I found similar reflections in other work on people who acknowledge their entanglements with plants and question ideas like invasive, especially in countries where it means that they are “not originally from there” (whatever that means), ironically in settler colony societies as Australia (see article by Lien and Davison about Monterey pine trees in Australia).

TABOO plants
However, in this postdoctoral research I would not have looked at invasive plants. In talks with other people for previous research (e.g health gardens in Brussels), I heard from interviewees about the phenomenon of invisible plants that diaspora bring with them to a new country. For some taboo or other reason they keep them invisible, hidden in their rooms and homes. My hypothesis is that immigrant people keep their plant companions invisible, when they move to another country, city… because they are afraid of losing them, this part of cultural identity, this root to their previous country, this root to their home. It is a hypothesis, so not really tested.

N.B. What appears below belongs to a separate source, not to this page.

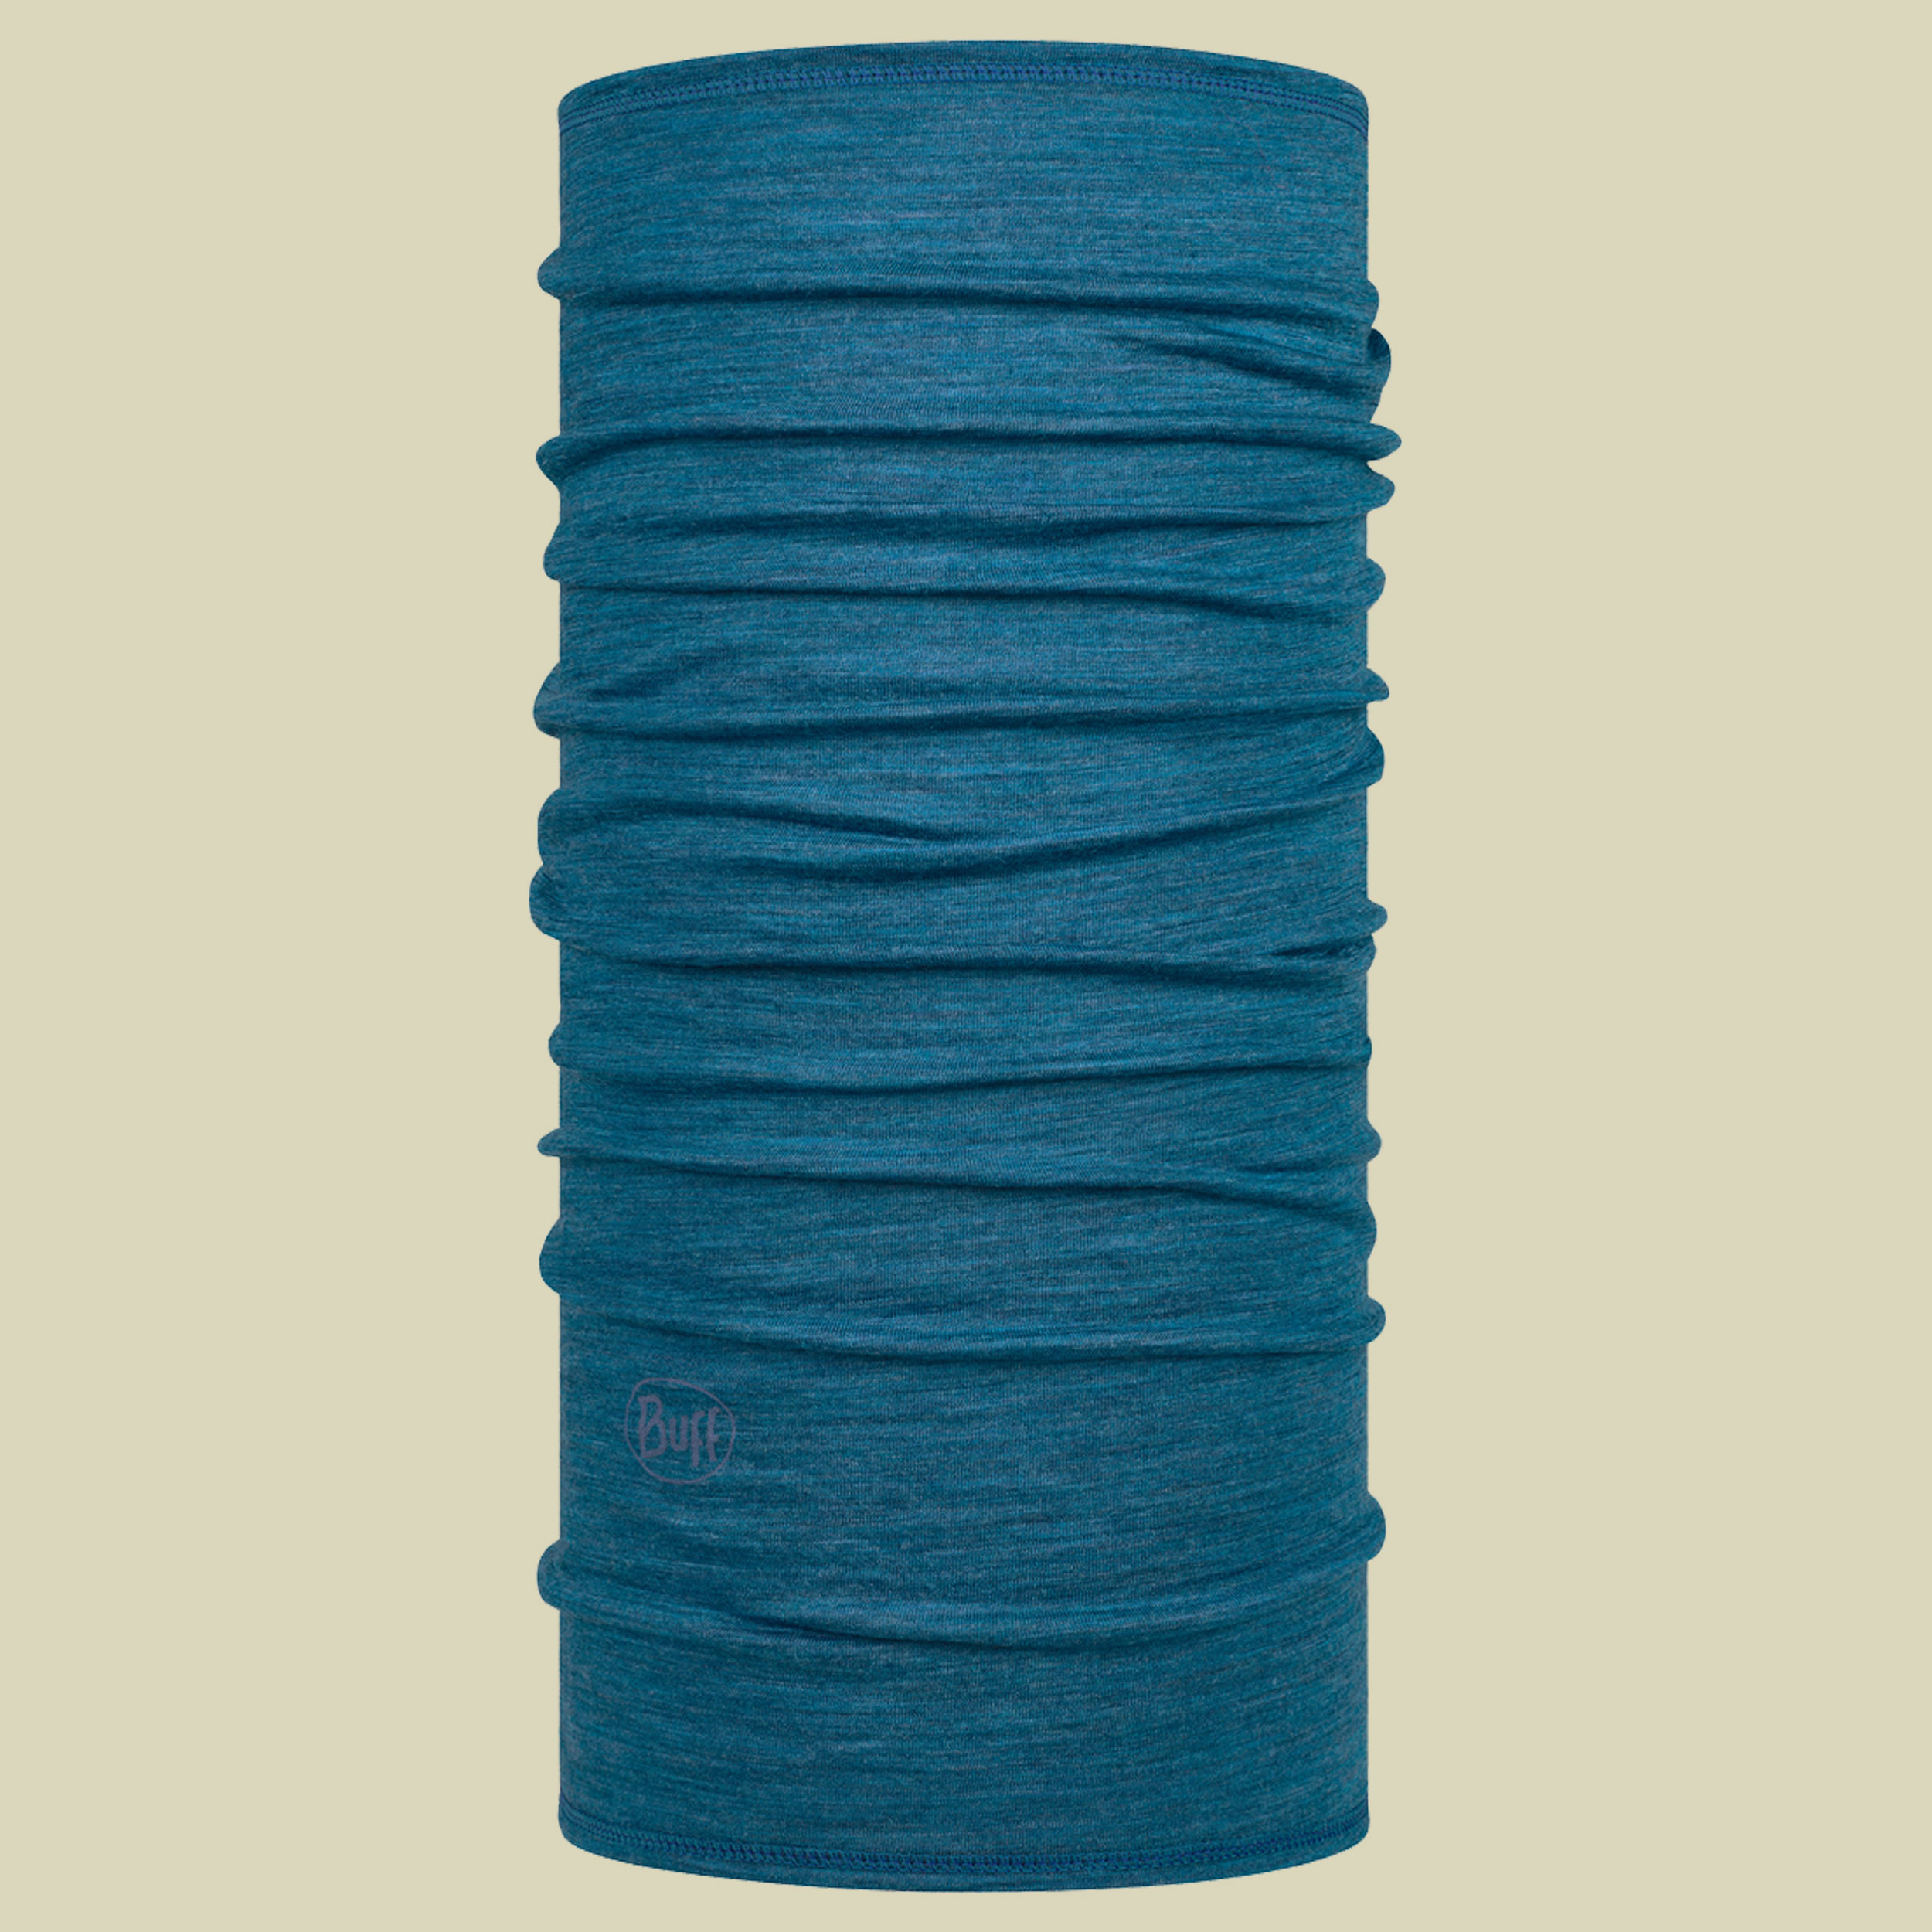 Lightweight Merino Wool Solid Größe one size Farbe solid dusty blue

I wonder if these plants are part of their idea of home. Another hypothesis is that in countries which have these immigration policies and practices to make immigrants assimilate to the new “culture”, there are more practices of keeping these plants invisible, as some sort of resistance to keep some part of their identity and (previous) home. I also wonder how countries with very restrictions toward “foreign plants” (e.g Australia, New Zealand), how does this impact immigrants which have strong ties with plants of their country of origin/home?
The rise of the house plant
In the same week, I heard I did not get the postdoc. Ironically, in the same week, I was eavesdropping a conversation in a coffee bar in Oslo (I heard the words PhD and environment). I ended up in a conversation with a young woman, which was about some point about the rising popularity of house plants, and what it says about human-nature connection, and perhaps this alienation with other nature outside.
In my forest therapy practice, I have not overheard stories of indoor trees or plants, but perhaps I did not give a prompt which is open/inclusive enough. There is of course the bias that people who participate in this practice have already been exposed enough to outside nature.